A faithful copy is required. Print each line of the data exactly and omit the pictures.

Top of Information supplied

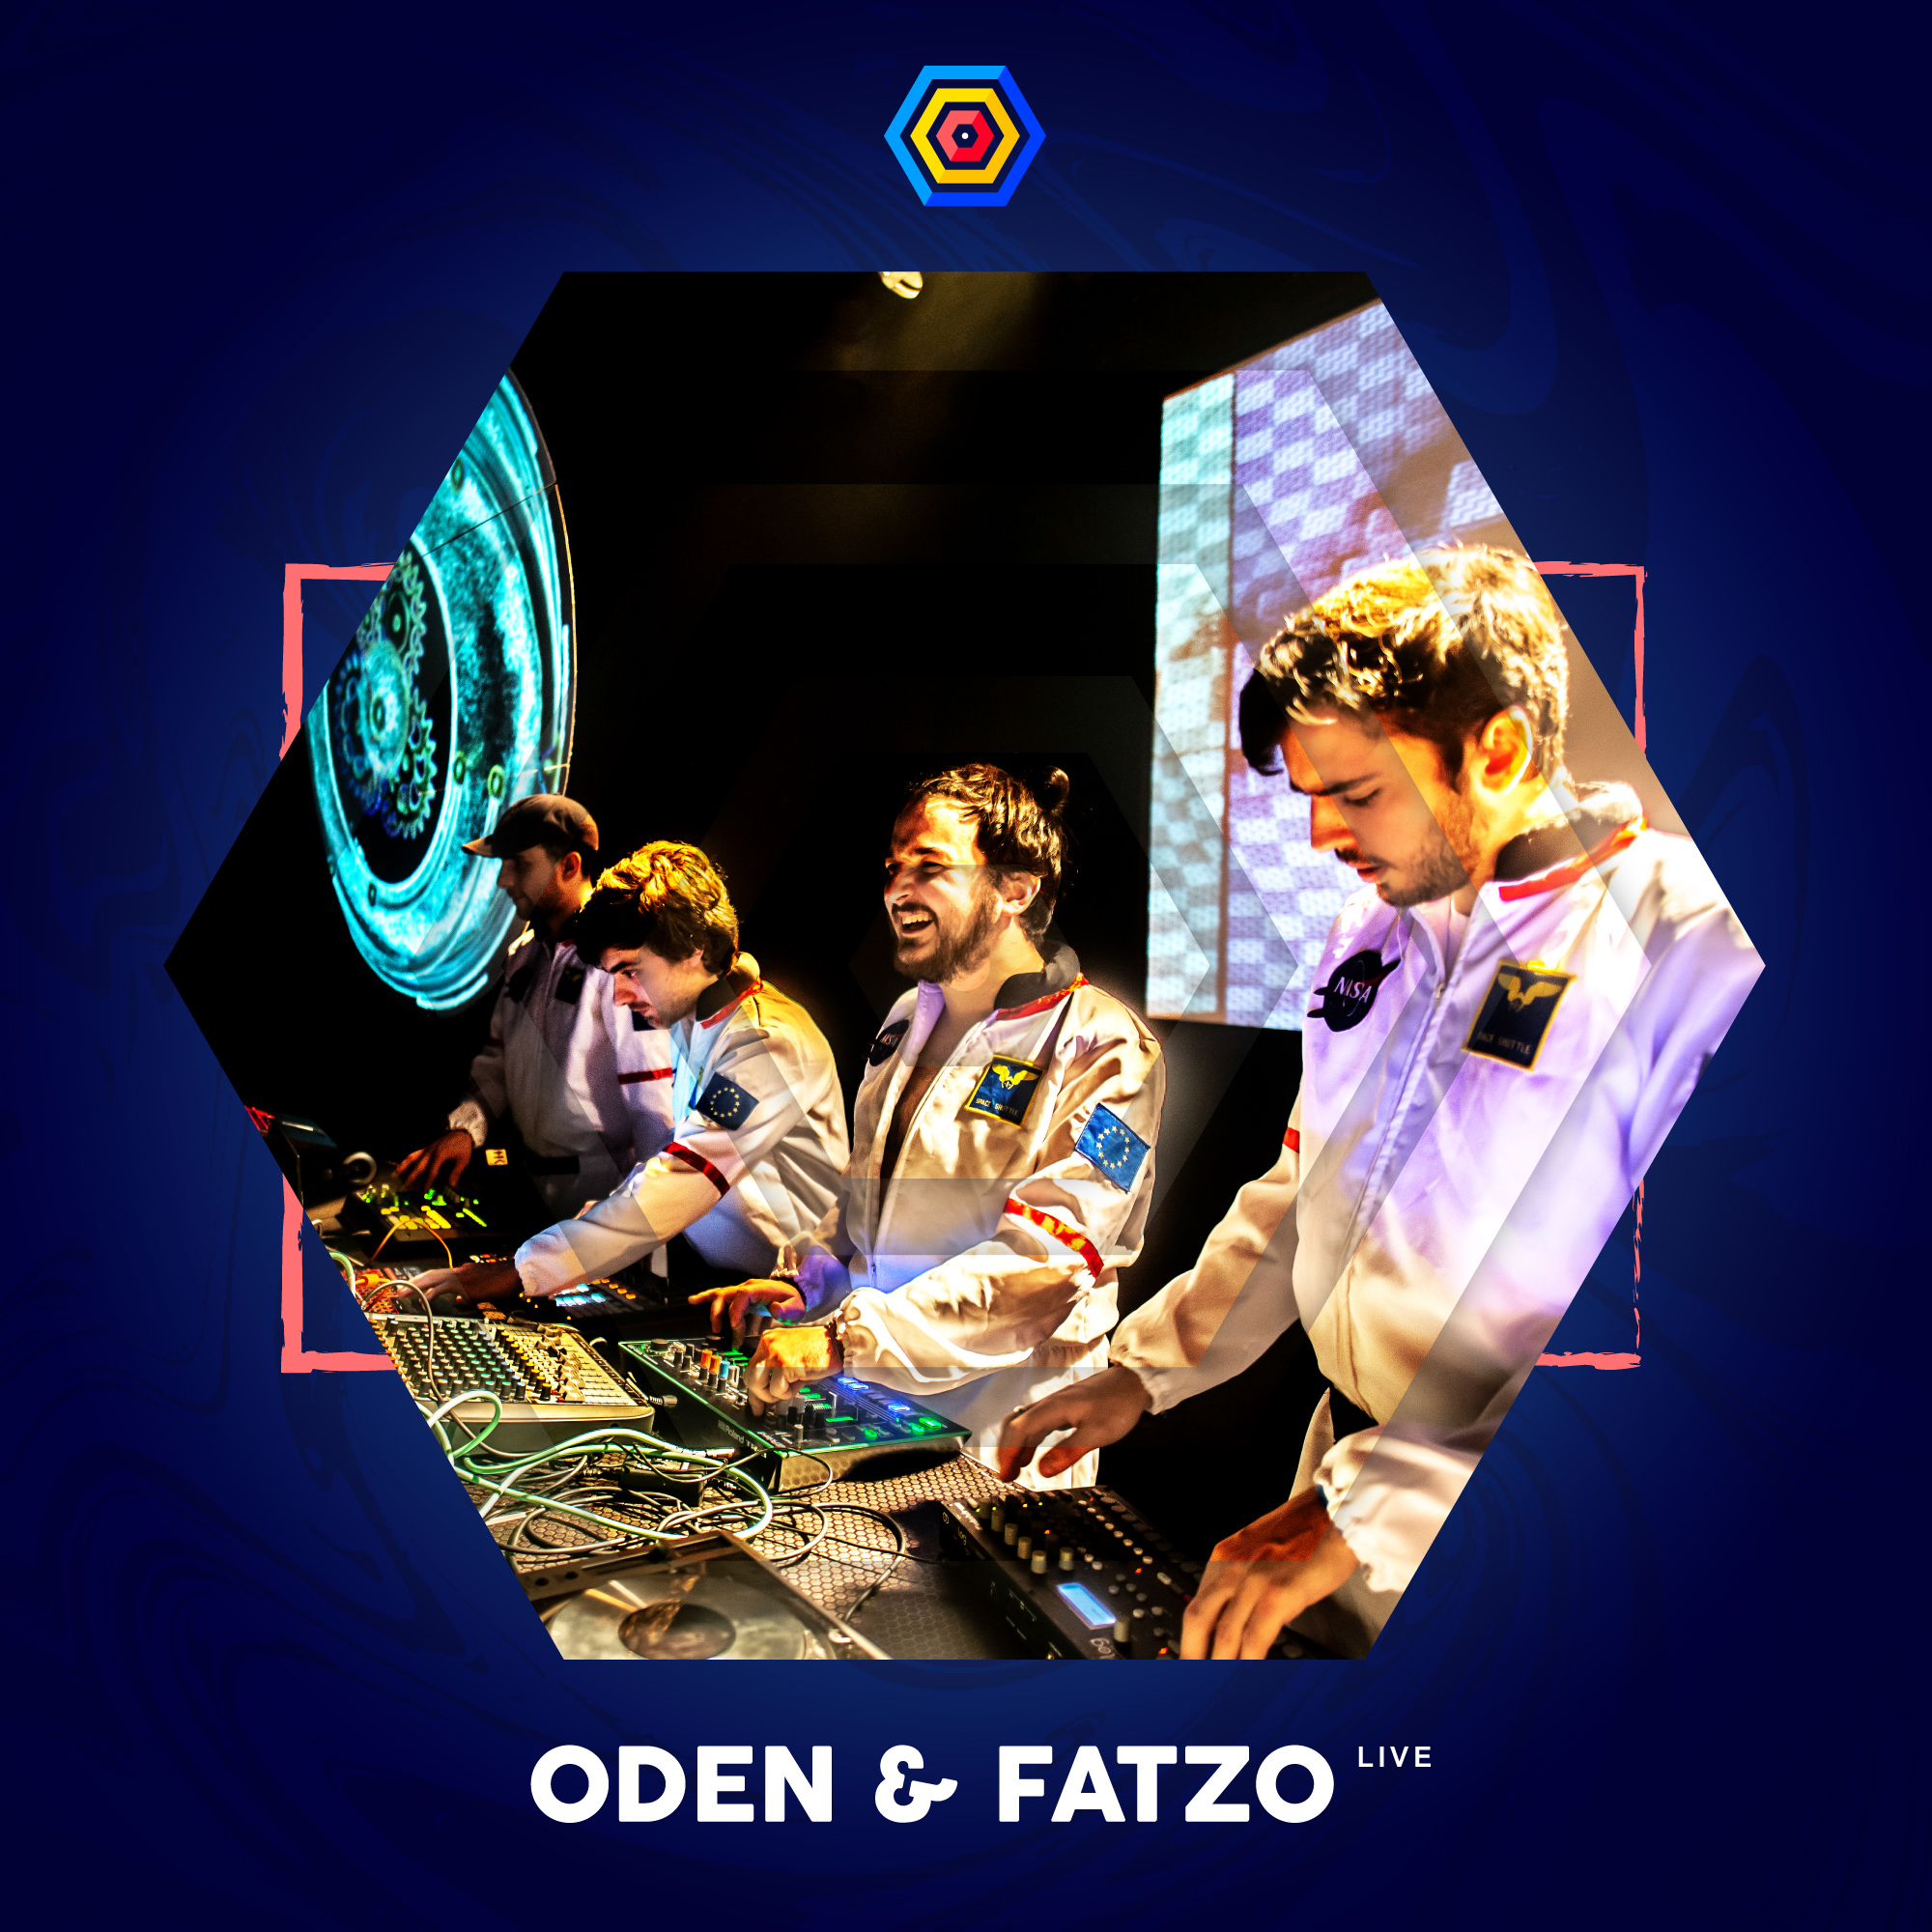 Oden-&-Fatzo
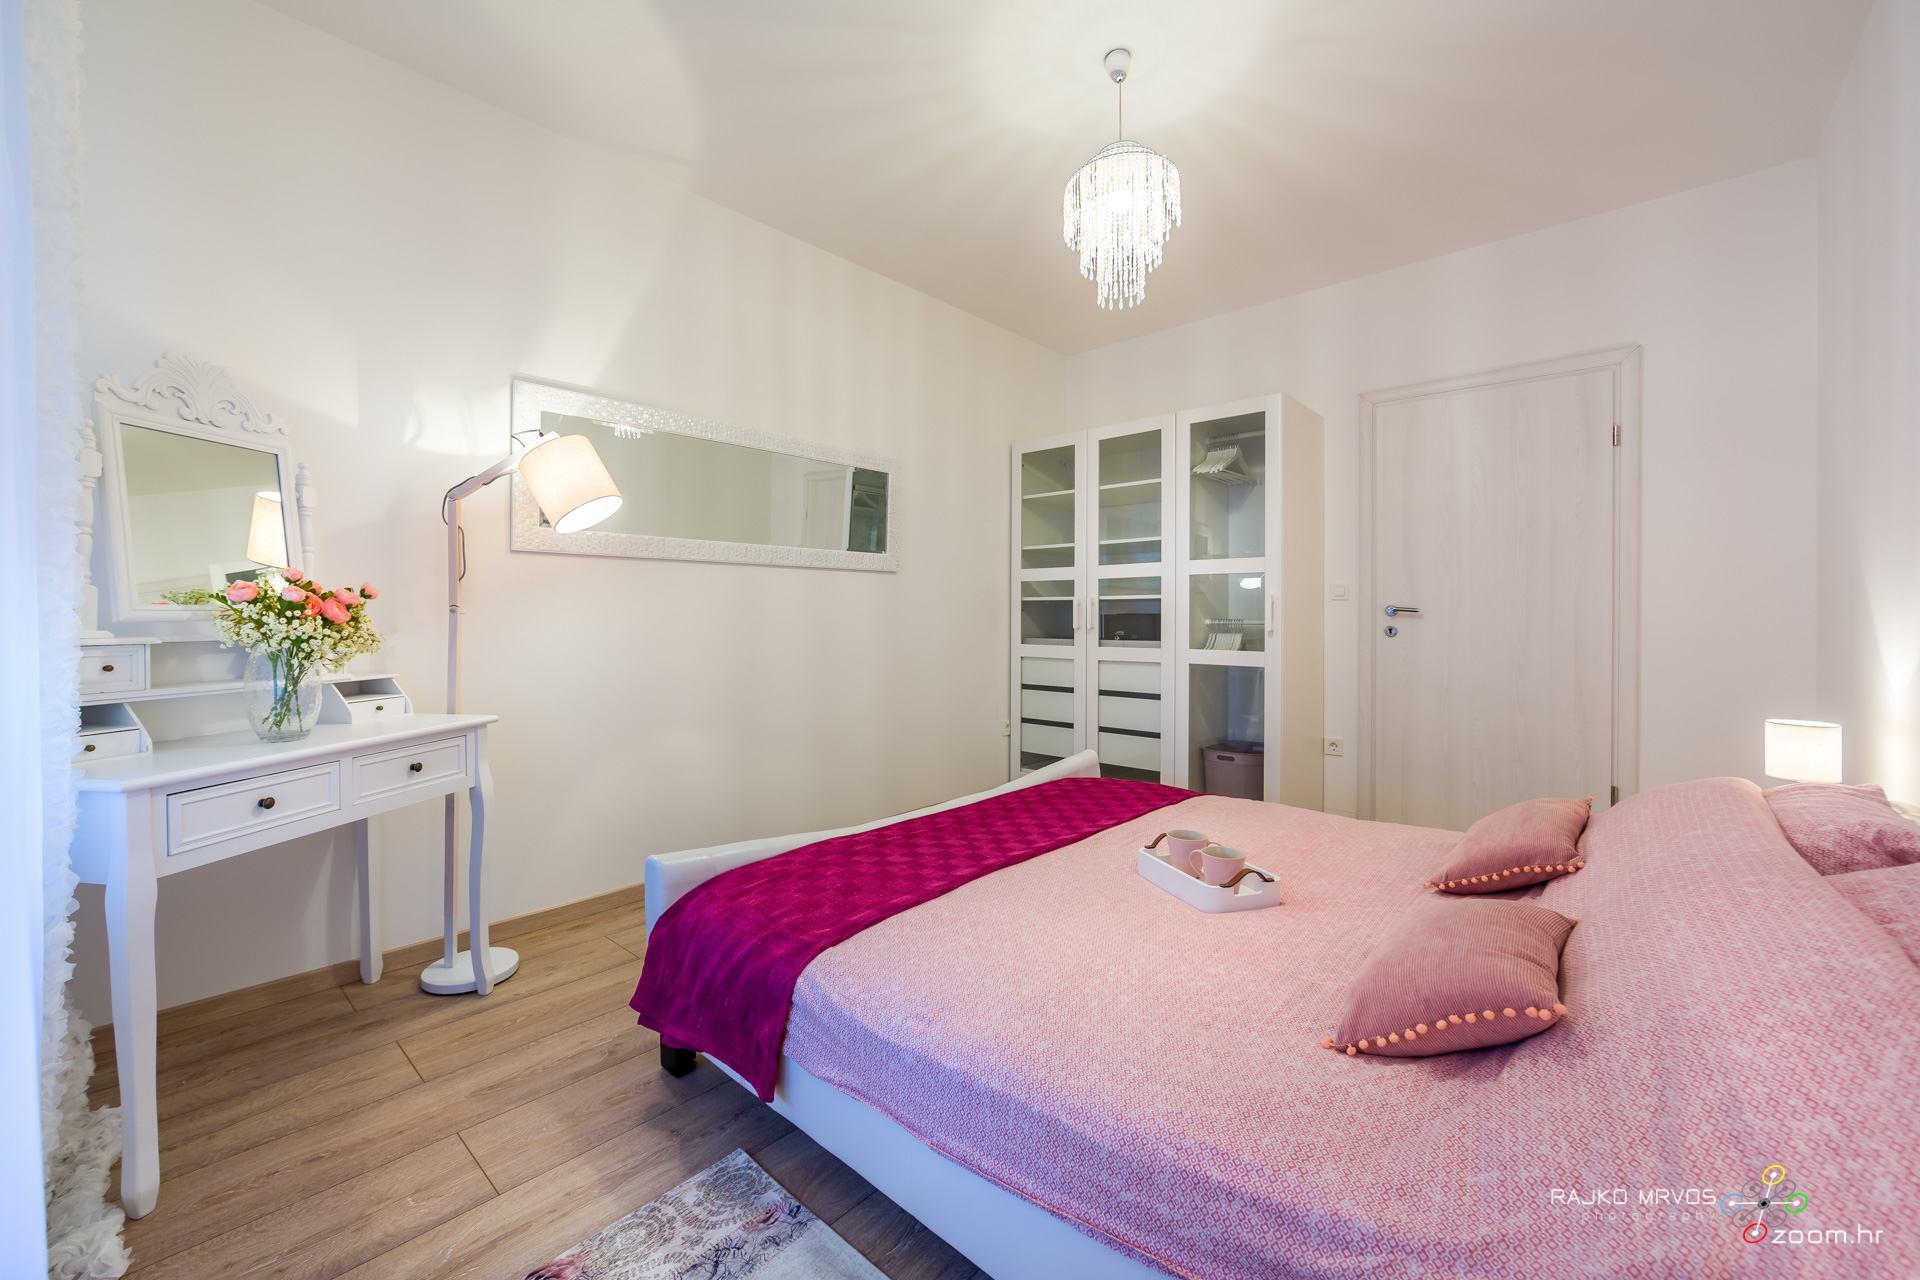 fotografiranje-interijera-fotograf-apartmana-vila-kuca-hotela-apartman-Gabby-Rijeka-7
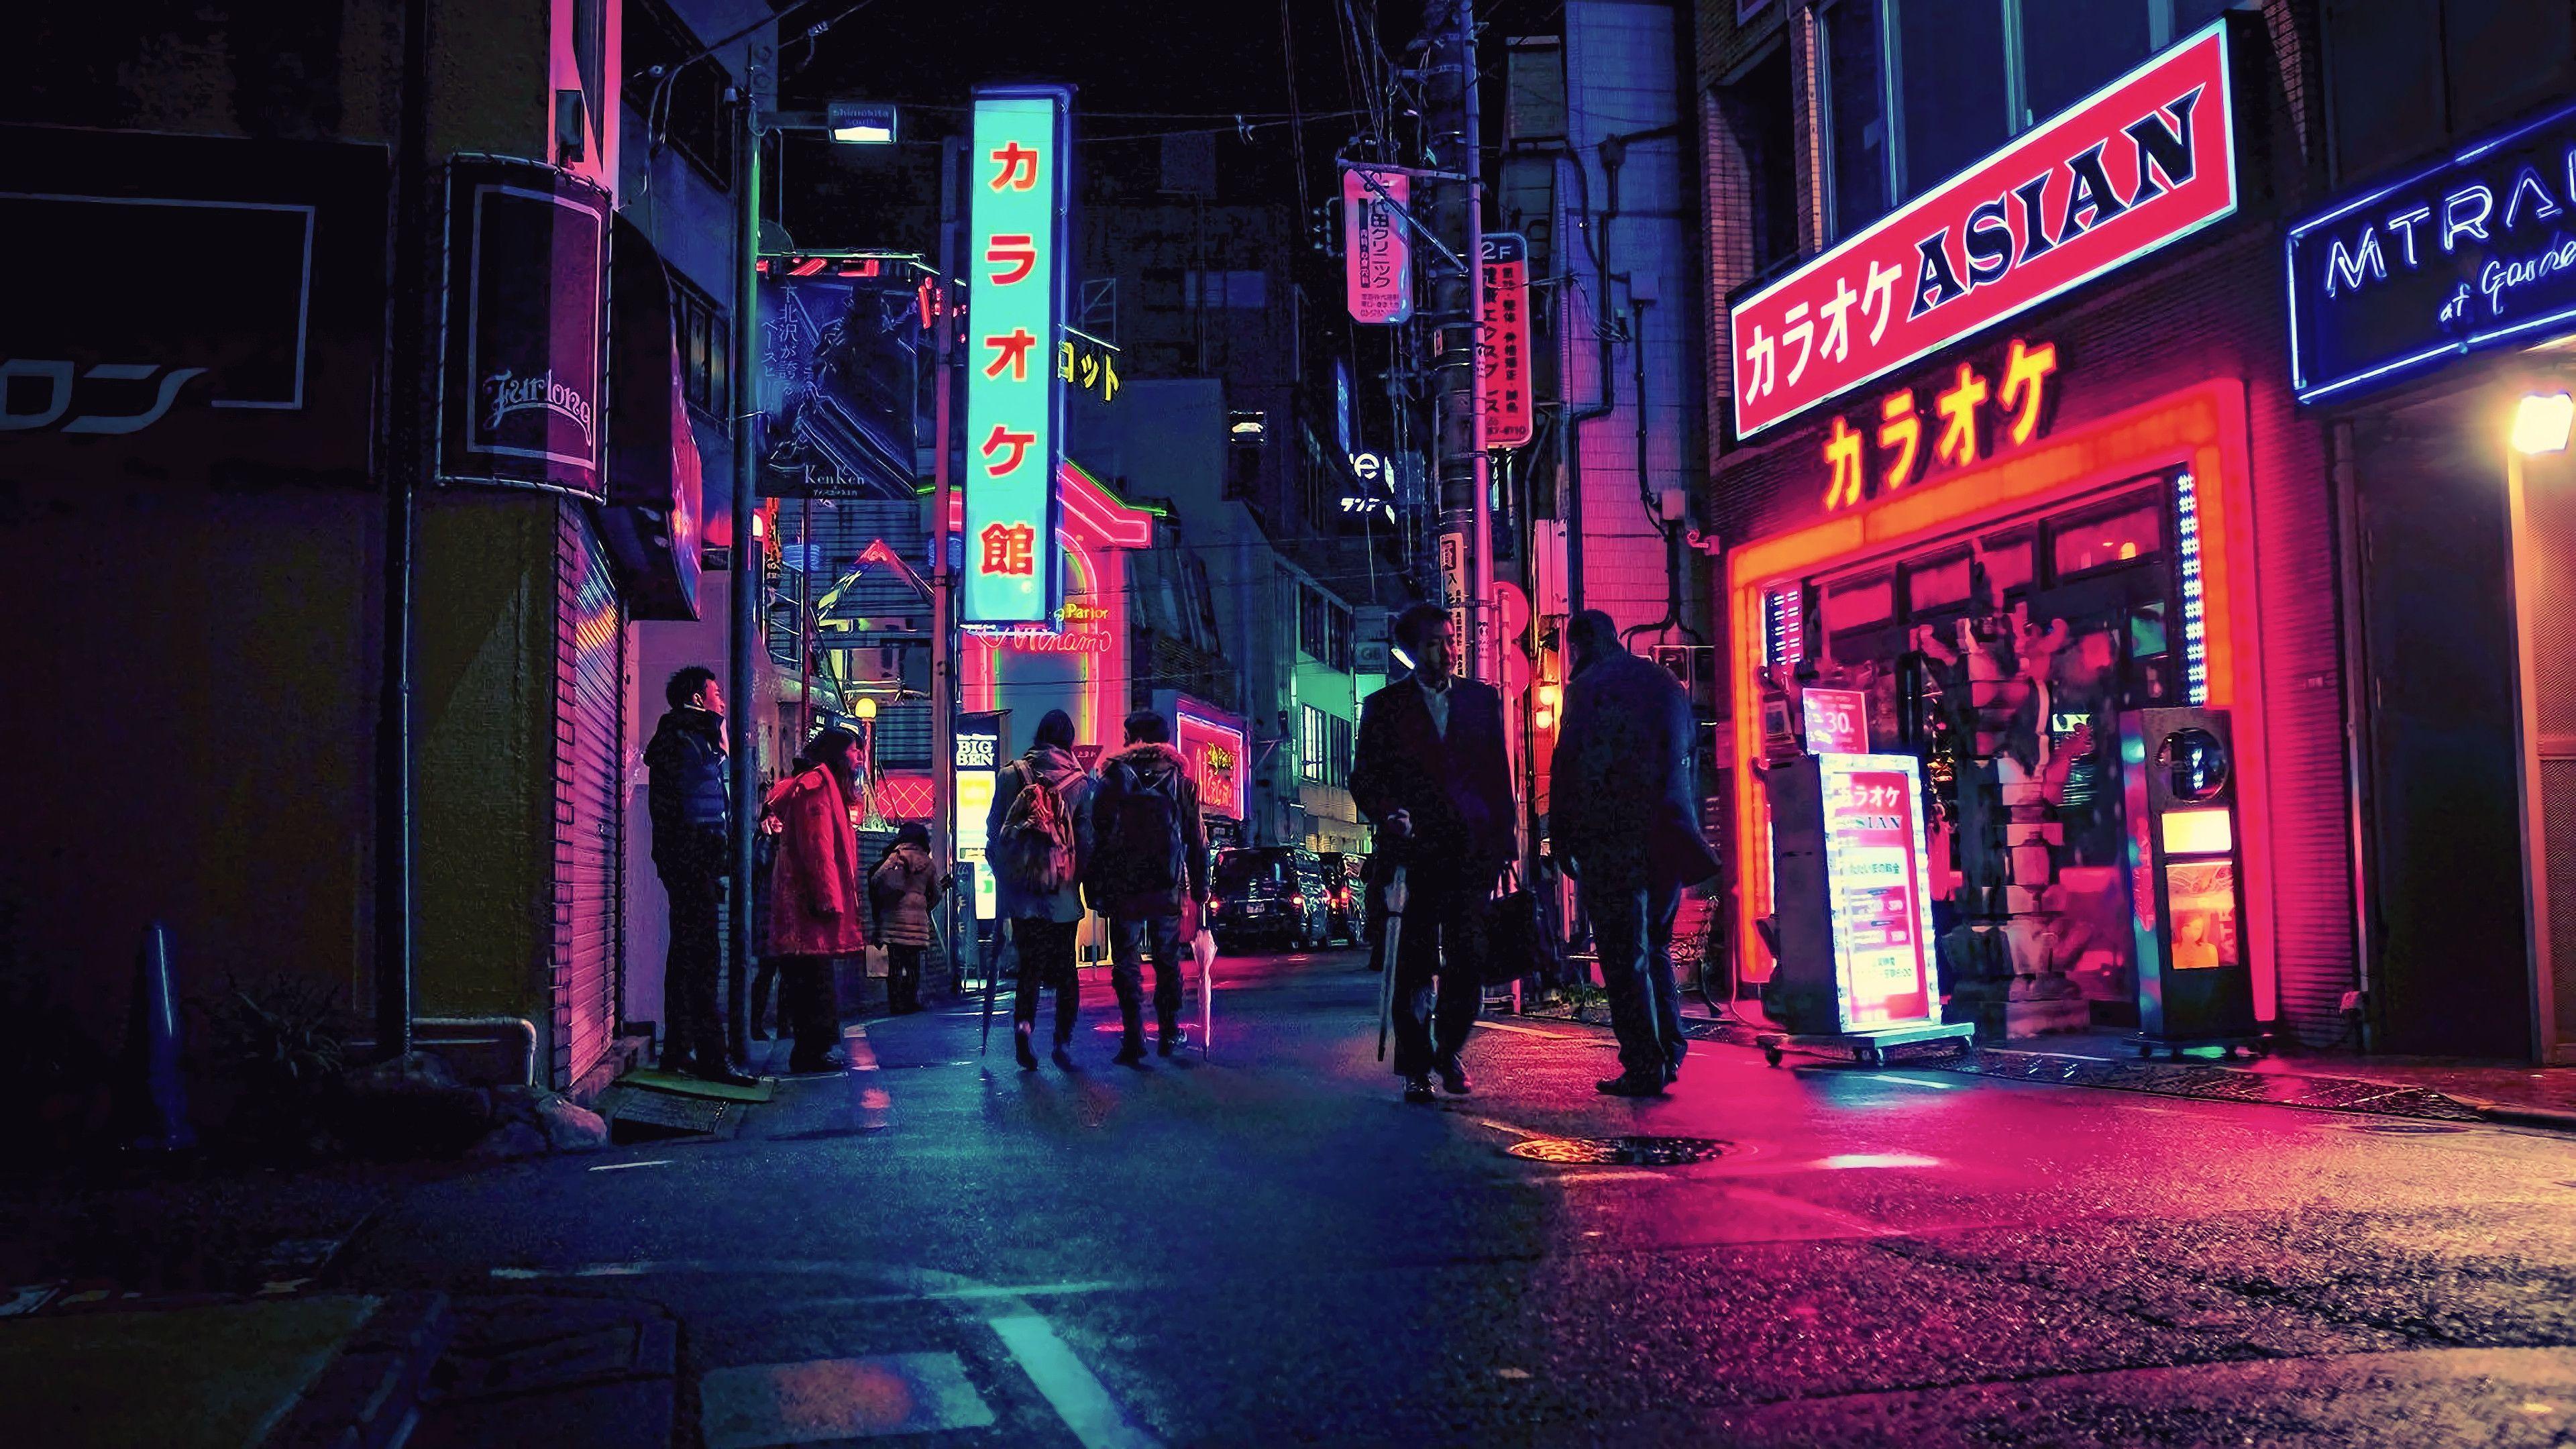 Neon Japan [3840x2160] Fond ecran, Écran

Bottom of Information supplied

*Reply:*
 Oden-&-Fatzo
 fotografiranje-interijera-fotograf-apartmana-vila-kuca-hotela-apartman-Gabby-Rijeka-7
 Neon Japan [3840x2160] Fond ecran, Écran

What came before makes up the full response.